AA Ngurah Adhi Ardhana mengatakan, melihat dari kajian lietrasi dan hasil diskusi dengan yang sudah pernah ke sana, memang permasalahan yang ada di Desa Les terkait masalah air bersih. 


“Kami berpandangan, dalam rekomendasi, berdasarkan UU Nomor 17 tahun 2019, mengenai Sumber Daya Air, pengunaan air ini untuk kepentingan  hak dasar masyarakat seperti air minum, MCK. Kemudian, untuk air irigasi pertanian, kemudian baru untuk  usaha,” kata Adhi Ardhana. 

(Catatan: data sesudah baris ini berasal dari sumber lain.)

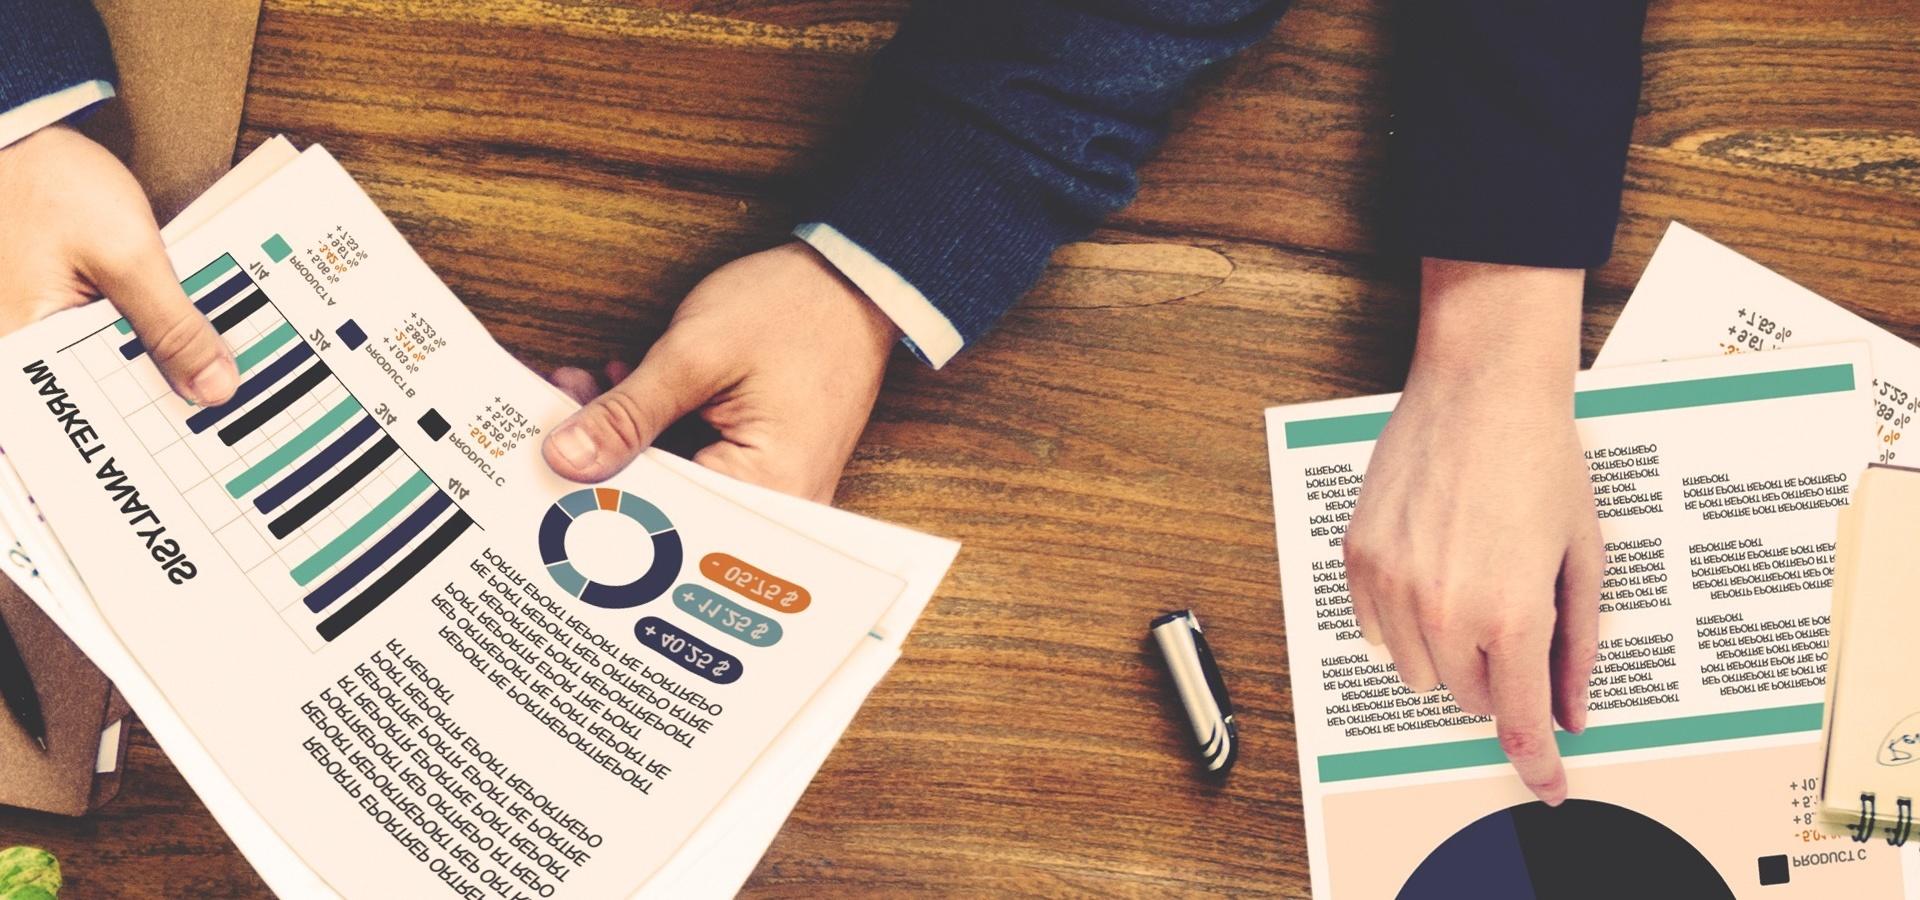 blog marketing research-1.jpg

Ia mengatakan, Komisi III merekomendasikan beberapa hal, yakni Pertama, normalisasi dasar.  Kedua, wajib menjaga kebutuhan dasar dari masyarakat. 
Ketiga, mengenai air yang akan dimanfaatkan, bekerja sama  dengan Balai Prasarana untuk menyiapkan  pengelolaan Sistem Penyediaan Air Minum dan Sanitasi Berbasis Masyarakat (pamsimas) 


Sementara, di Buleleng sendiri dengan  kondisi dari Bulan Juli 2020 sudah memiliki beberapa pola yakni seperti bekerja sama dengan Bumdes dari daerah Hulu dengan Desa Les.  Namun, belum maksimal. 


“Saat kami datang ke sana,  melihat kondisi di lapangan, untungnya masih musim hujan sehingga masih ada air yang bisa dimanfaatkan.  Warga Les  berharap, kalau terjadi kekeringan bagaimana cara mengatasinya. Inilah yang kami carikan solusinya,” kata Adhi Ardhana. 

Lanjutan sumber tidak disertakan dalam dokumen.